Older adults whose hearing improved meaningfully with hearing aids had a lower risk of developing probable dementia during nearly seven years of follow-up, according to a large international study.
Researchers analyzed information from 61,089 adults aged 55 and older who had hearing impairment. Participants came from seven aging studies covering 33 countries across Asia, Europe, North America and Latin America.
During an average follow-up period of 6.5 years, 8,911 participants developed probable dementia. People who used hearing aids had a 9 percent lower dementia risk than participants with hearing impairment who did not use them. The association was stronger among users who said the devices improved their hearing well: that group had a 14 percent lower risk.
Participants who reported little improvement from their hearing aids did not experience a statistically significant reduction in risk.
That distinction is one of the study’s most important findings. The possible benefit was not associated merely with owning or occasionally wearing a device. It appeared to depend on whether the hearing aid effectively improved communication in daily life.
The Study Followed More Than 61,000 People
The research was led by investigators from the University of Hong Kong and Shandong University, working with scientists from institutions in several countries.
Participants were drawn from China, South Korea, the United Kingdom, the United States, Ireland, Mexico and other European countries. This broad geographic reach allowed the researchers to examine hearing-aid use in populations with different healthcare systems, incomes and levels of access to hearing services.

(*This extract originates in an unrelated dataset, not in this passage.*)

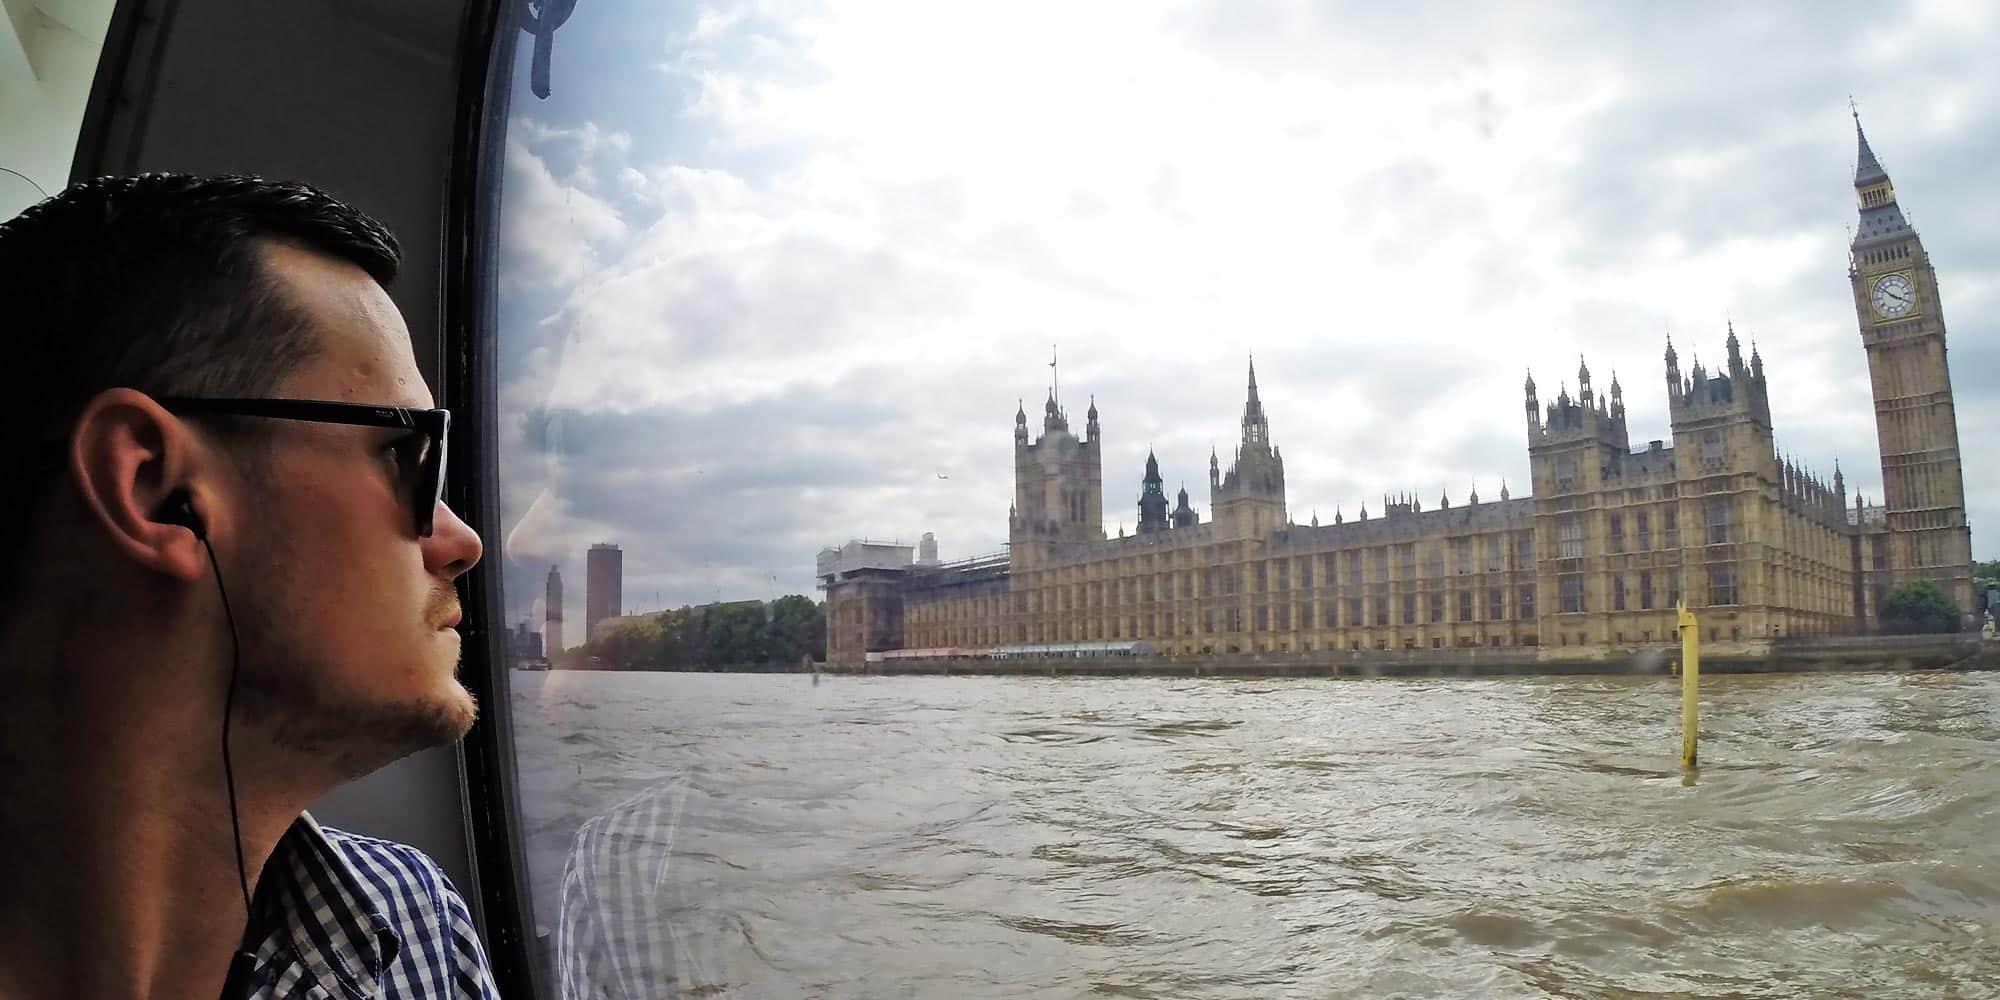 LondonMeBoat

Everyone included in the analysis was at least 55 years old and had reported hearing impairment. Researchers compared people who used hearing aids with those who did not and then examined who developed probable dementia during follow-up.
The study was published in Cell Reports Medicine. Its main conclusion was that effective hearing-aid use was associated with a lower risk of probable dementia across the multinational population.
Why “Nearly Seven Years” Is More Accurate
Some coverage describes the research as a seven-year study.
The actual average follow-up was 6.5 years. Individual participants may have been observed for shorter or longer periods depending on the aging cohort from which their information came.
Rounding 6.5 years to seven is understandable in a headline, but the average should be stated precisely when discussing the results.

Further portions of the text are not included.